# Chapter 4: Functional Programming: Rudimentary Statistics and Analytics

| New Concepts | Description |
| --- | --- |
| _return obj_ (from function) | Functions may return an object to be saved if a variable is defined by the function i.e., var1 = function(obj1, obj2, . . .)|

In [3]:
def function_name(object1, object2, . . ., objectn):
    <operations>

SyntaxError: invalid syntax (832649975.py, line 1)

### Total 

$\sum_{i=0}^{n-1} x_{i}$

In [10]:
n = 0
total = 0
values = [i for i in range(10)]

print("total\t","value")
for value in values:
    total += value
    print(total,"\t", value)

total	 value
0 	 0
1 	 1
3 	 2
6 	 3
10 	 4
15 	 5
21 	 6
28 	 7
36 	 8
45 	 9


In [11]:
# Don't keep copying and pasting old code...

In [12]:
def total(lst):
    total_ = 0
    # in original I used the index of the list
    # . . . 
    # n = len(lst)
    # for i in range(n)
    for val in lst:
        total_ += val
    return total_
total(values)

45

In [13]:
total([i for i in range(-1000,100000,53)])

94313645

In [14]:
import random
X1 = [3, 6, 9, 12, 15,18,21,24,27,30]
X2 = [random.randint(0,100) for i in range(10)]
total(X1), total(X2)

(165, 593)

### Mean

Let $X_1, X_2,...,X_n$ represent $n$ values from a random variables.
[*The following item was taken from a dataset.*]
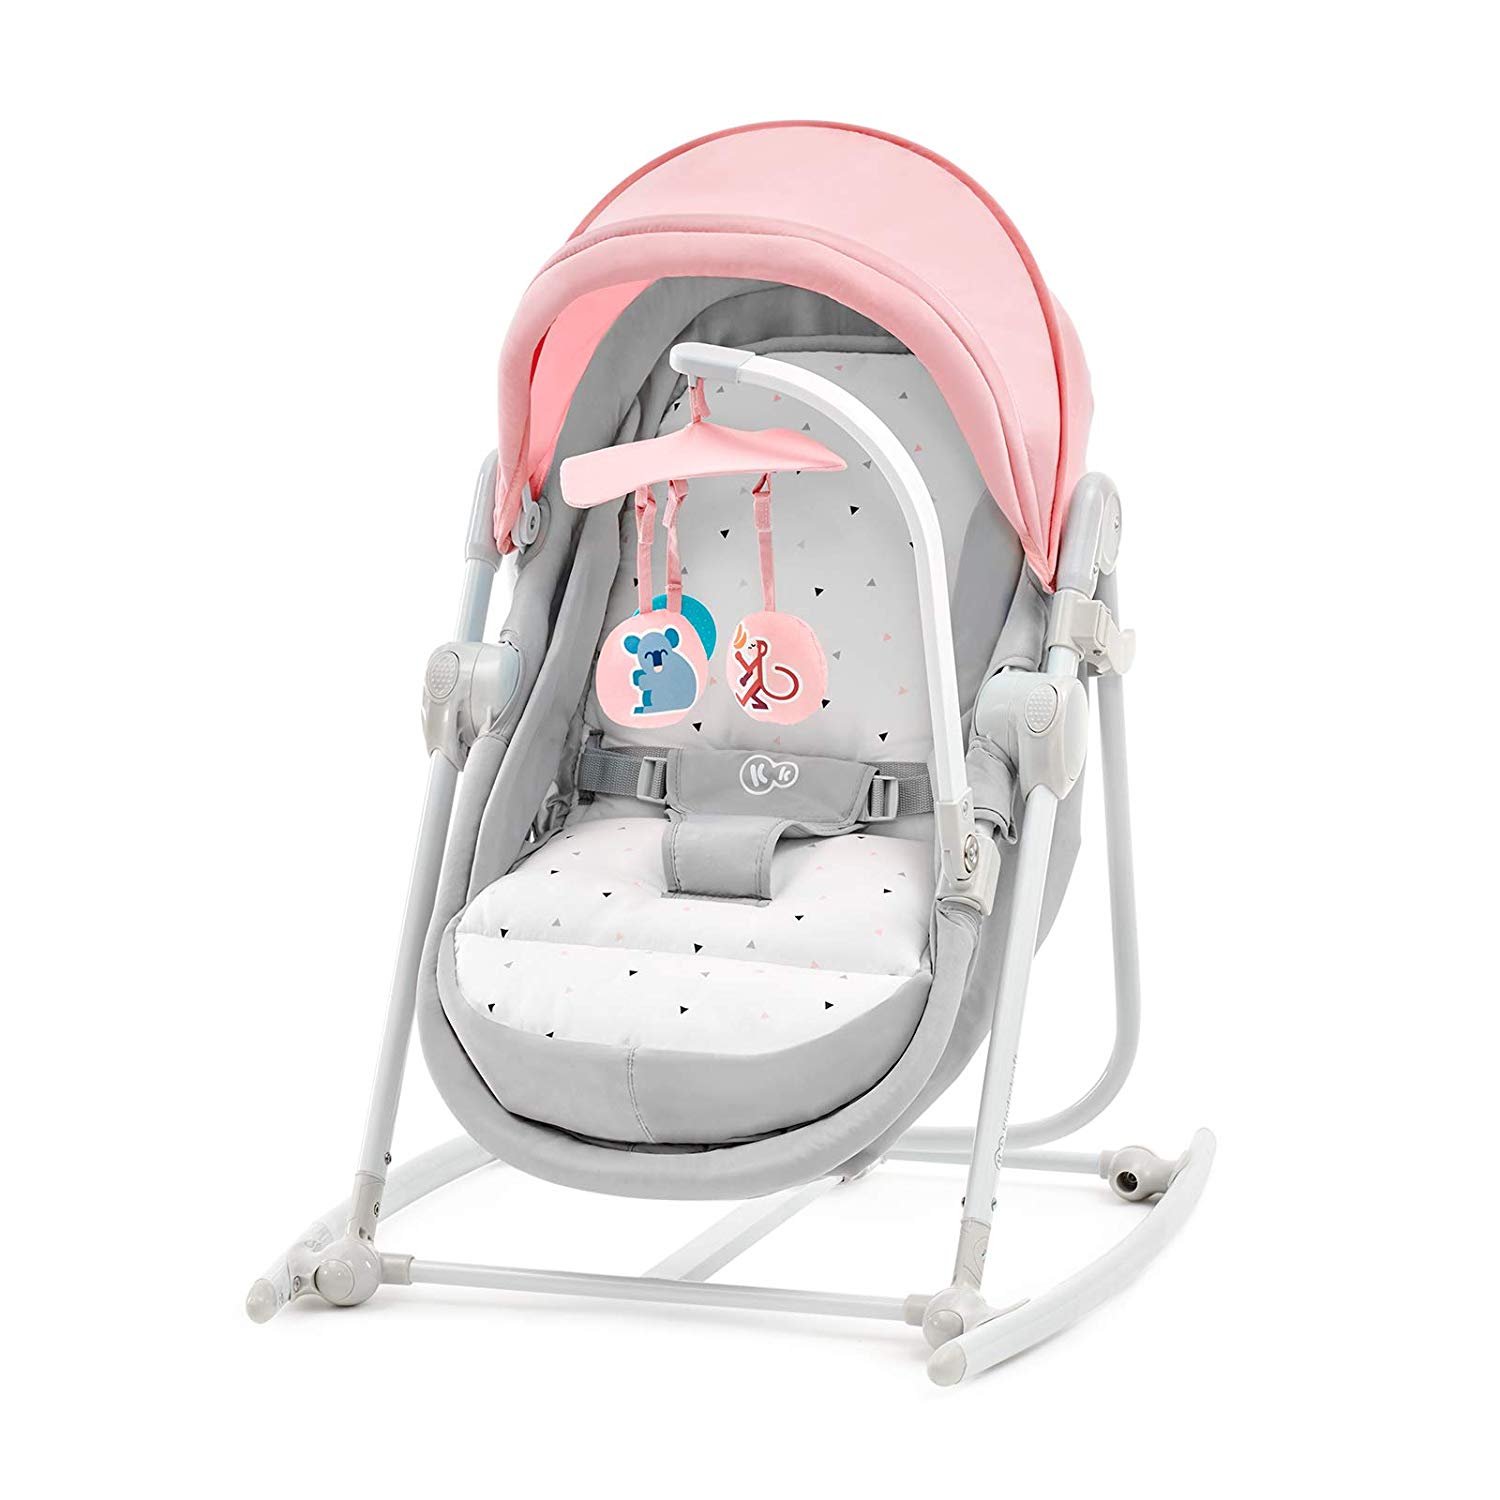 Kinderkraft baby bouncer UNIMO 5 in 1, baby swing, seesaw, rocker, cradle, play arch, toys, lying position, foldable, bracket with toys, mosquito net, pink

For a given dataset, useful descriptive statistics of central tendency include mean, median, and mode, which we built as functions in a previous chapter. 

We define the mean of a set of numbers:
$\bar{X} = \frac{\sum_{i=0}^{n-1} x_{i}} {n}$

In [18]:
def mean(lst):
    n = len(lst)
    mean_ = total(lst) / n
    return mean_
mean(X1), mean(X2)

(16.5, 59.3)

Now let's build the rest of the summary statistical functions
1. median
2. mode
3. variance
4. standard deviation
5. standard error
6. covariance
7. correlation

### Median

In [38]:
def median(lst):
    n = len(lst)
    lst = sorted(lst)
    
    # two cases: 
    # 1. list of odd length
    # i % j checks for remainder upon dividing i by j
    if n % 2 != 0:
        middle_index = int((n - 1) / 2)
        median_ = lst[middle_index]
     # 2. list of even length  
    else:
        upper_middle_index = int(n / 2)
        lower_middle_index = upper_middle_index - 1
        # pass slice with two middle values to mean()
        print(lst[lower_middle_index: upper_middle_index + 1])
        median_ = mean(lst[lower_middle_index: upper_middle_index + 1])
    return median_

print(X1)
median(X1), median(X2)

[3, 6, 9, 12, 15, 18, 21, 24, 27, 30]
[15, 18]
[55, 62]


(16.5, 58.5)

In [40]:
# transform X1 to be of odd length by removing the last index
# this is to test the first case int he median() function
median(X1[:-1])

15

In [24]:
sorted(X2)

[29, 31, 32, 35, 55, 62, 78, 85, 90, 96]

### Mode

In [56]:
def mode(lst):
    count_dct = {}
    # create entries for each value with 0
    for key in lst:
        count_dct[key] = 0
    # add up each occurence
    for key in lst:
        count_dct[key] += 1
    # calculate max_count up front
    max_count = max(count_dct.values())
    # now we can compare each count to the max count
    mode_ = []
    for key, count in count_dct.items():
        if count == max_count:
            mode_.append(key)
            # mode always returns as a list type
    
    return mode_

lst = [1,1,1,1,1,1,2,3,4,5,5,5,5,5,5,242]
mode(lst)

[1, 5]

In [58]:
if 1 == 2:
    print("run code")

In [60]:
if 1 == 1:
    print("run code")

run code


### Variance


$$ \sigma^2 = \frac{\sum_{i=1}^n (X_i - \bar{X})^2}{n}$$

When we are dealing with a sample, which is a subset of a population of observations, then we divide by $n - 1$, the **Degrees of Freedom**, to unbias the calculation. 

$$DoF = n - 1$$


$$ S^2 = \frac{\sum_{i=1}^n (X_i - \bar{X})^2}{n-1}$$


In [61]:
# variance is the attempt to measure the 

In [71]:
def variance(lst, sample = True):
    list_mean = mean(lst)
    n = len(lst)
    DoF = n - 1
    sum_sq_diff = 0
    
    for val in lst:
        diff = val - list_mean
        sum_sq_diff += (diff) ** 2
        # print(val, list_mean, diff, sum_sq_diff)
    if sample == False:
        variance_ = sum_sq_diff / n
    else:
        variance_ = sum_sq_diff / DoF
    return variance_

        
variance(X1, sample = True), variance(X1, sample = False)

(82.5, 74.25)

In [72]:
variance(X2, sample = True), variance(X2, sample = False)

(708.9, 638.01)

In [74]:
def SD(lst, sample = True):
    SD_ = variance(lst, sample) ** (1/2)
    return SD_
SD(X1, sample = True), SD(X1, sample = False)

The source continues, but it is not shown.